Fanitsakitsaham-bady: inona no mety ho antony?

Finding out that a loved one has changed is a painful blow. Why does this crack appear in a relationship? While each couple’s story is always different, coach Arden Mullen reflects on the invisible reasons behind a partner’s infidelity.

Biological predisposition

Does the popular notion that promiscuity in men is genetically based and restrained only by moral norms have any scientific confirmation? Our sex drive is largely dependent on the activity of certain hormones. However, their dominance is not always associated with gender.

For example, the gene responsible for the production of dopamine (“happiness hormone”) plays a role in the promiscuous behavior of both men and women. The more actively he dominates, the more likely that a person has high sexual needs and, perhaps, he will not be limited to one sexual partner. Dopamine is produced due to the physiologically pleasant sensations that, in particular, sex gives.

Studies show that more than fifty percent of men and women with the dominant of this gene are not only prone to risky actions, but also cheat on partners more often than those who have a weakly expressed gene.

The hormone vasopressin, which is responsible for the ability to attach and empathize, is also associated with the regulation of sexual activity.
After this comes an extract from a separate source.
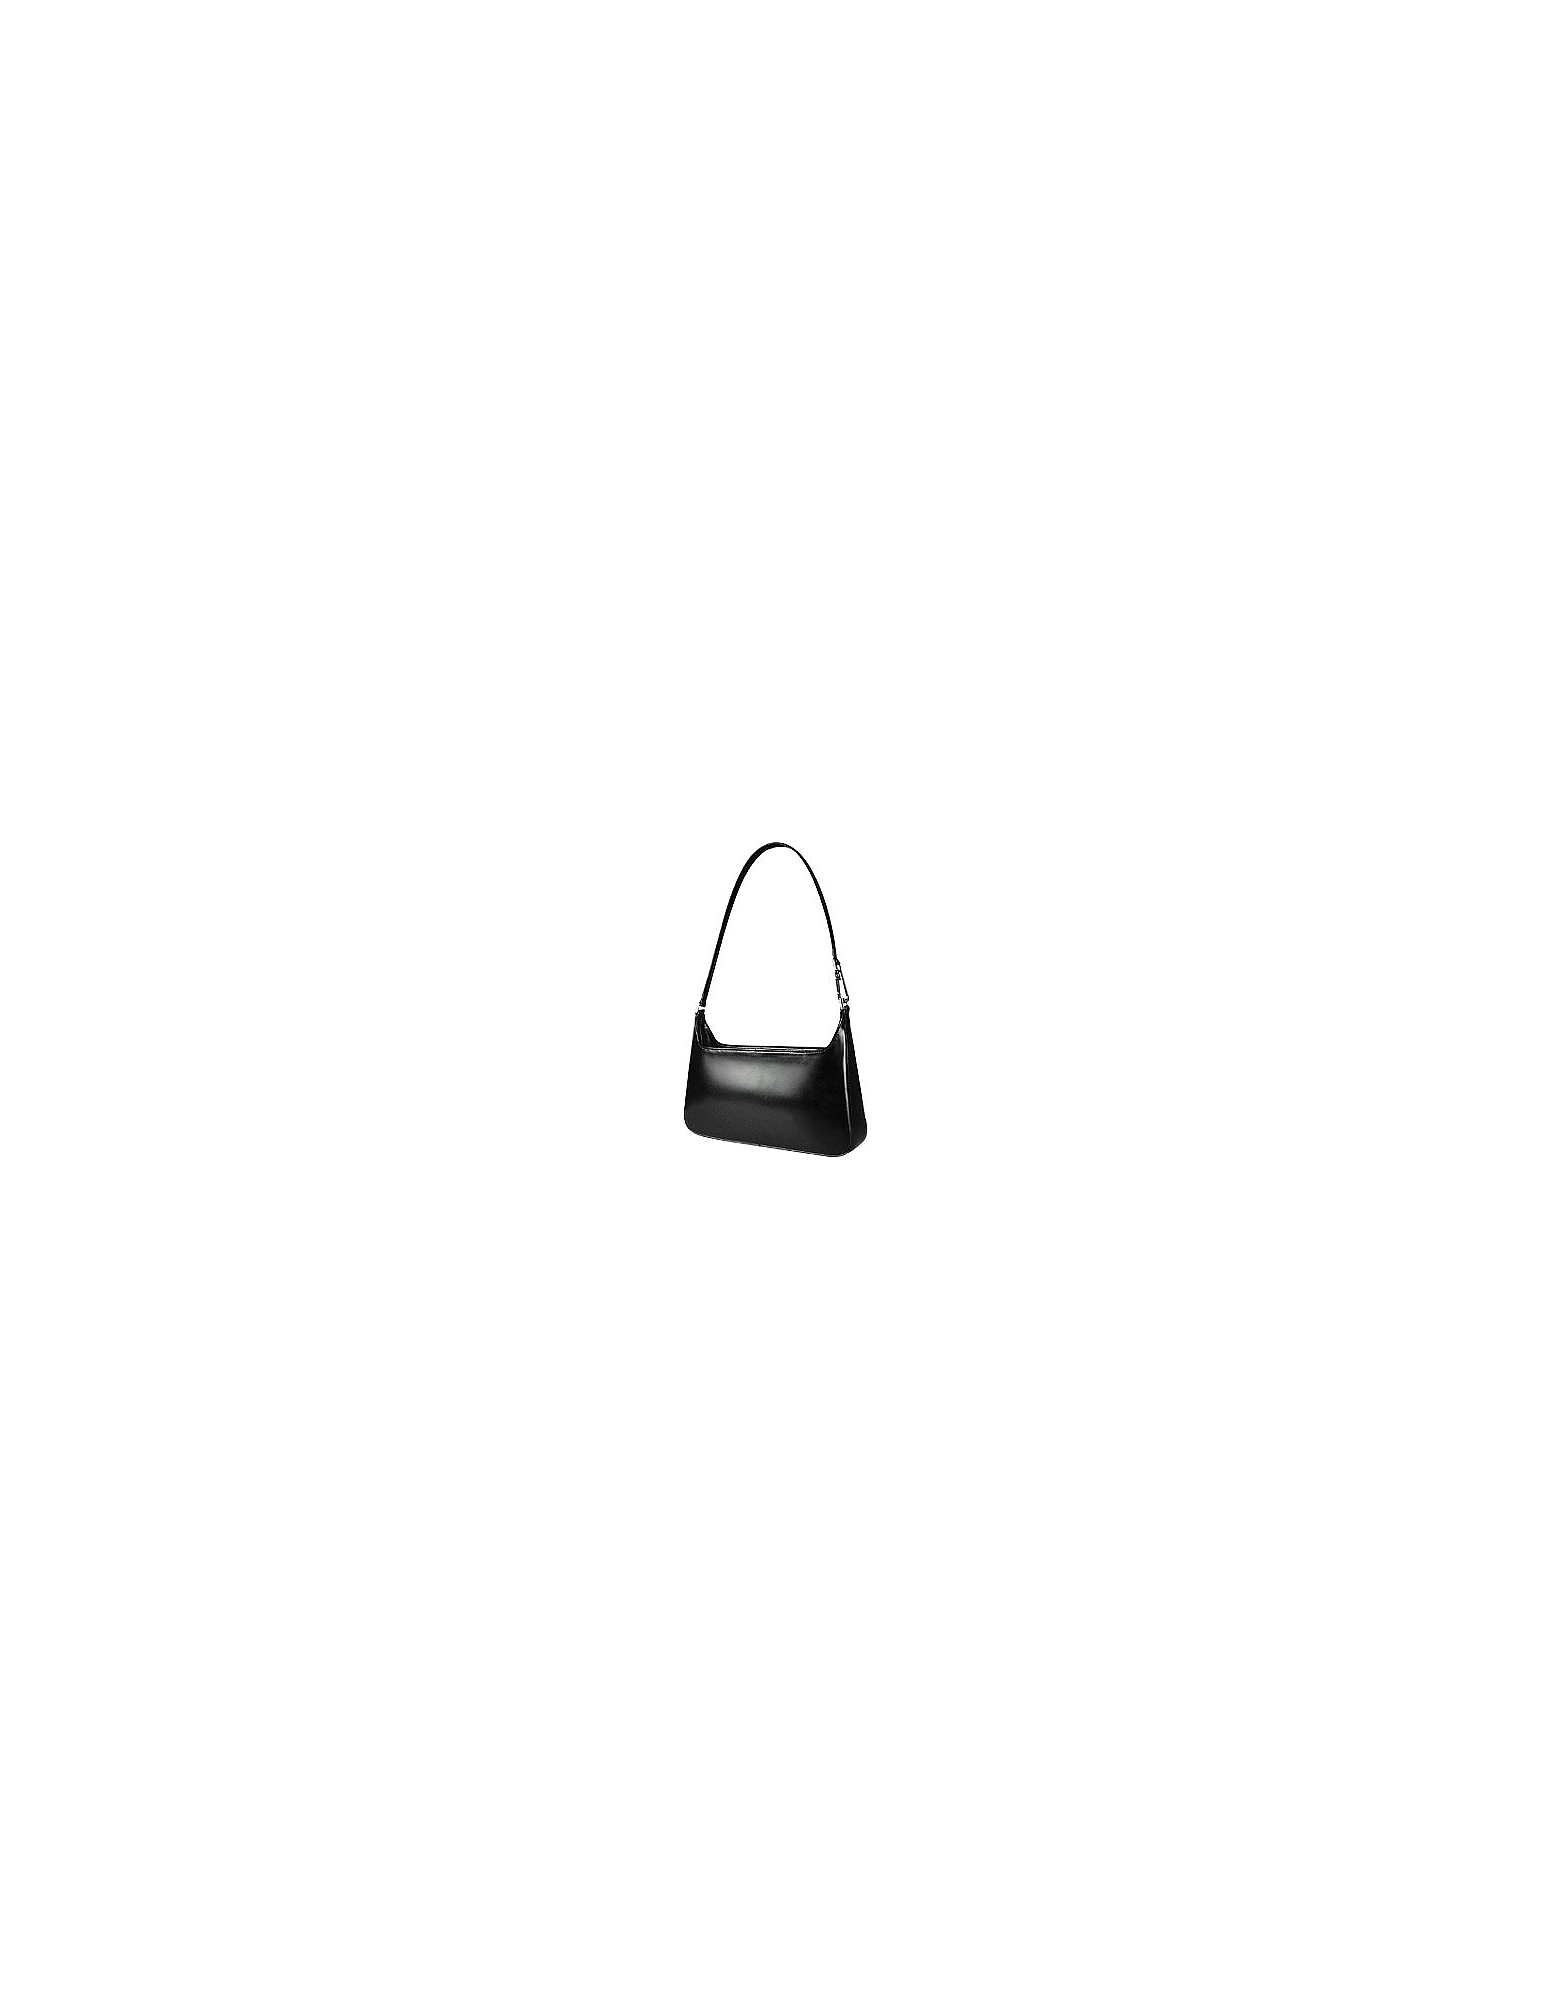 Fontanelli Designer Handbags, Classic Black Leather Handbag

This is the case when gender matters — the severity of these hormones in men explains their greater propensity for fidelity to a partner.

Does this mean that a person with a certain set of genes is more likely to cheat on you? Of course not. This means that he may be more prone to it, however, his behavior is determined not only by genetics. First of all, personal psychological qualities and the depth of your relationship are important.

financial inequality

Research suggests that couples with the same income level are less likely to cheat on each other. Meanwhile, married men who earn significantly more than their wives are more likely to be unfaithful to them. A study by sociologist Christian Munsch (University of Connecticut) shows that housewives find lovers 5% of the time. However, if the decision to run the household and take care of the children is made by a man, the probability of his infidelity is 15%.

Unresolved conflicts with parents

The experiences that haunt us from childhood can contribute to the fact that in a relationship with a partner we repeat a negative scenario. If parents did not know how to resolve family problems and often clashed, then children carry this model of relationships into adulthood. Infidelity to a partner becomes a way to avoid an open and honest conversation.

Despotic, overly controlling parents are often the reason why we out of protest punish a partner who is associated with mother or father with infidelity. In fact, anger and resentment are directed at the parent, with whom we continue to have an internal dialogue.

Relationship with ex-partner

If the chosen one is still full of hot, even negative feelings for the previous partner, it is likely that one day he will return to the past story. He will need to finally figure it out: complete or continue.

We often misinterpret the expression «I hate my ex». This does not mean that the relationship is over, on the contrary, hatred is a strong emotion that maintains an internal connection with a person. In certain situations, this can lead to a renewed relationship.

There can be many reasons that could potentially push a partner to cheat. However, there is always an internal choice — to go to deceive a loved one or not. And everyone is responsible for this choice.


About the judge: Arden Mullen is a coach, blogger.